**Given material**
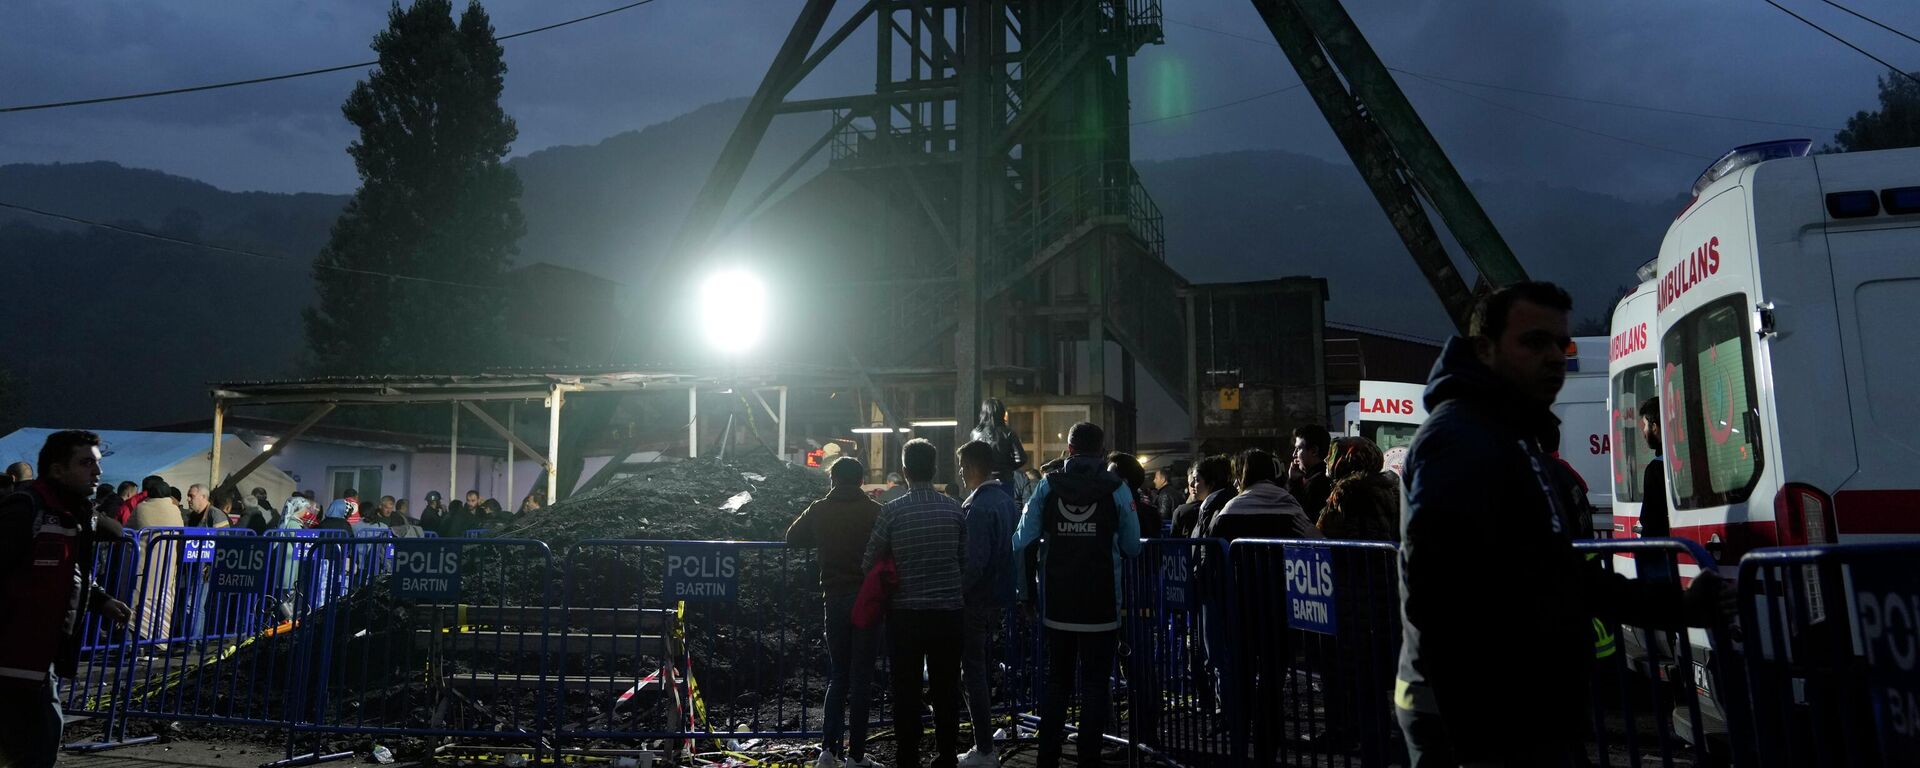 Родственники пропавших без вести шахтеров собираются перед шахтой TTK Amasra Muessese Mudurlugu, где накануне произошел взрыв - Sputnik Абхазия, 1920, 15.10.2022
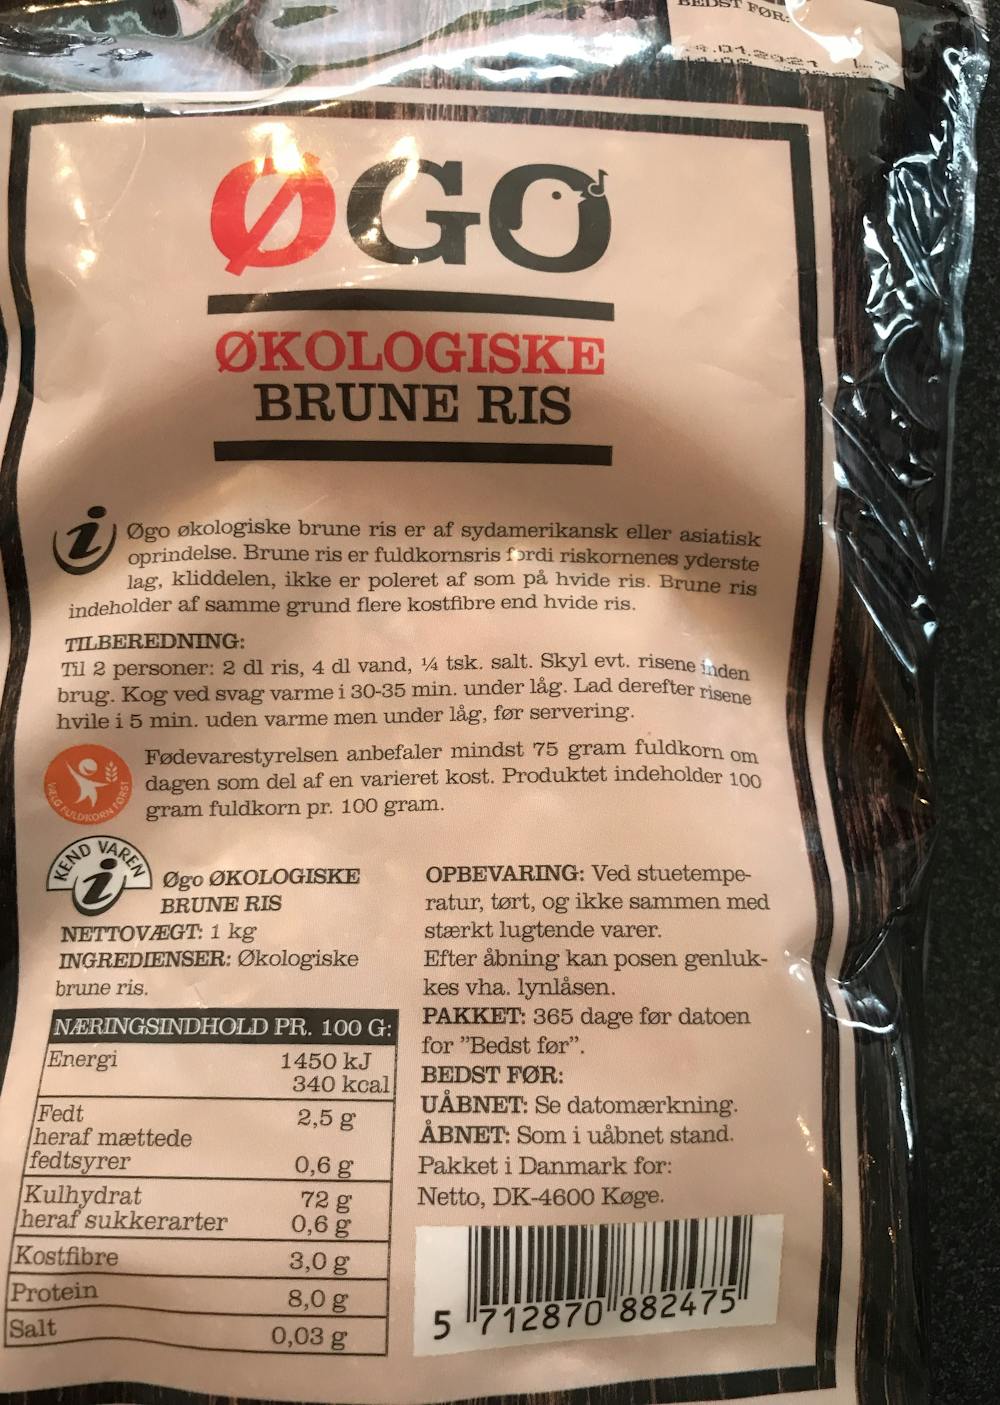 Ingredienslisten til ØGO Økologiske brune ris
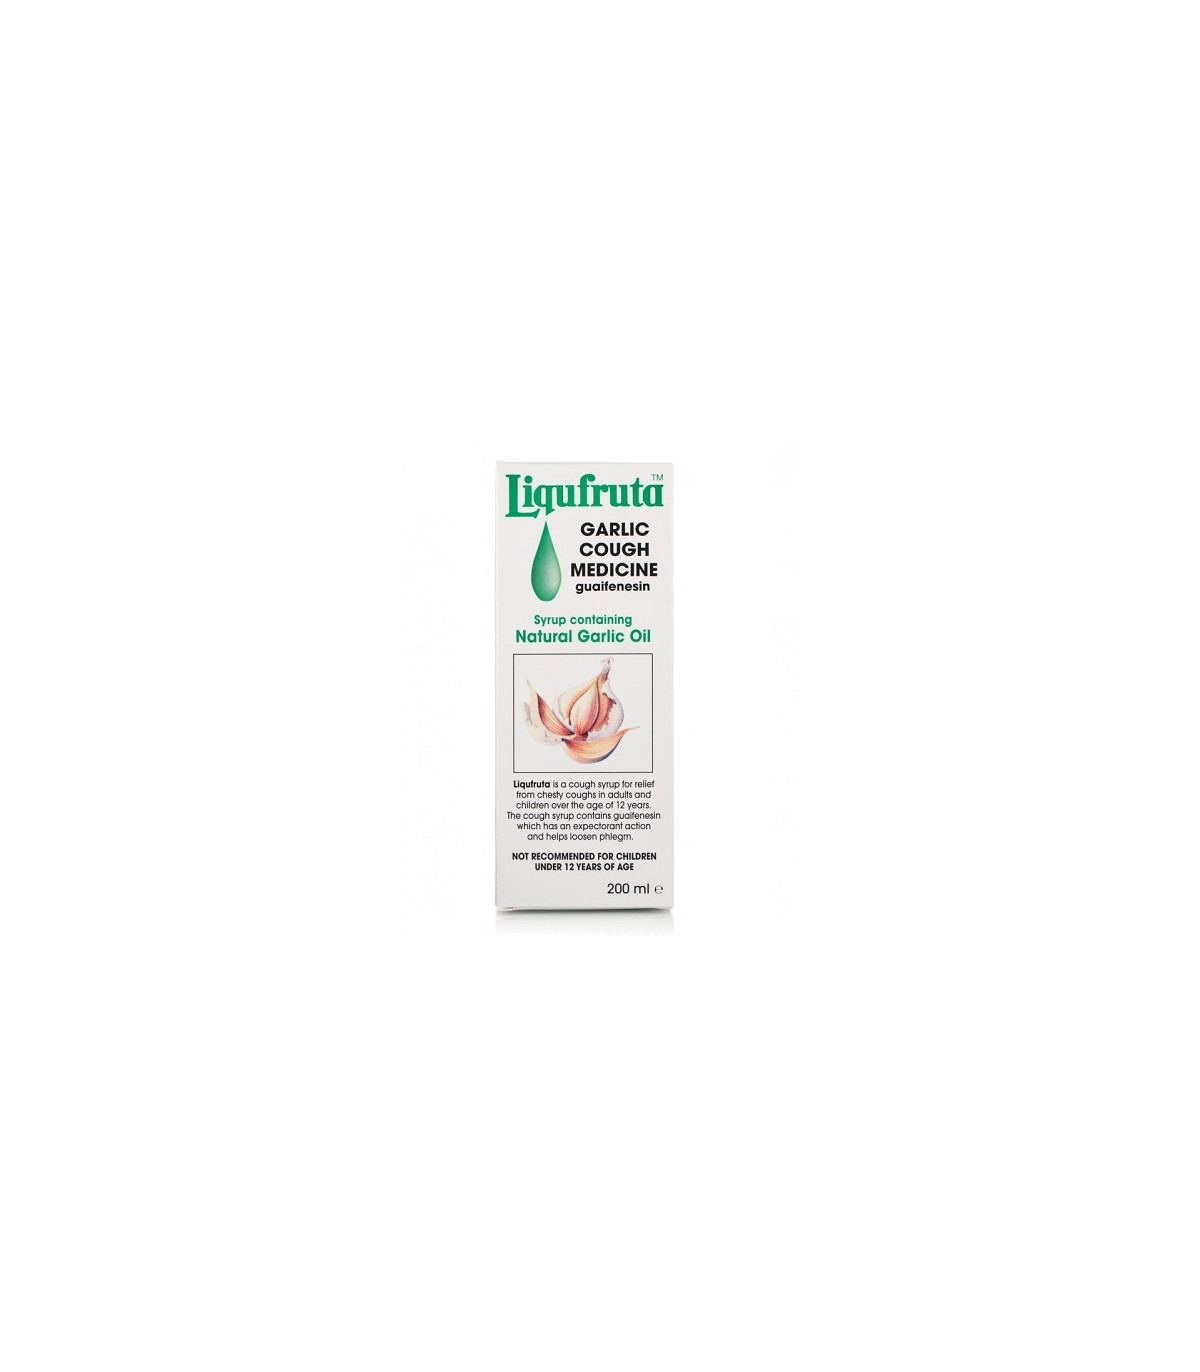 Liquifruta Garlic Cough Medicine - 200ml

**Aim of the exercise**
What is needed here is an exact transcript of the data above, pictures excluded.

**Result of the exercise**
 Родственники пропавших без вести шахтеров собираются перед шахтой TTK Amasra Muessese Mudurlugu, где накануне произошел взрыв - Sputnik Абхазия, 1920, 15.10.2022
 Ingredienslisten til ØGO Økologiske brune ris
 Liquifruta Garlic Cough Medicine - 200ml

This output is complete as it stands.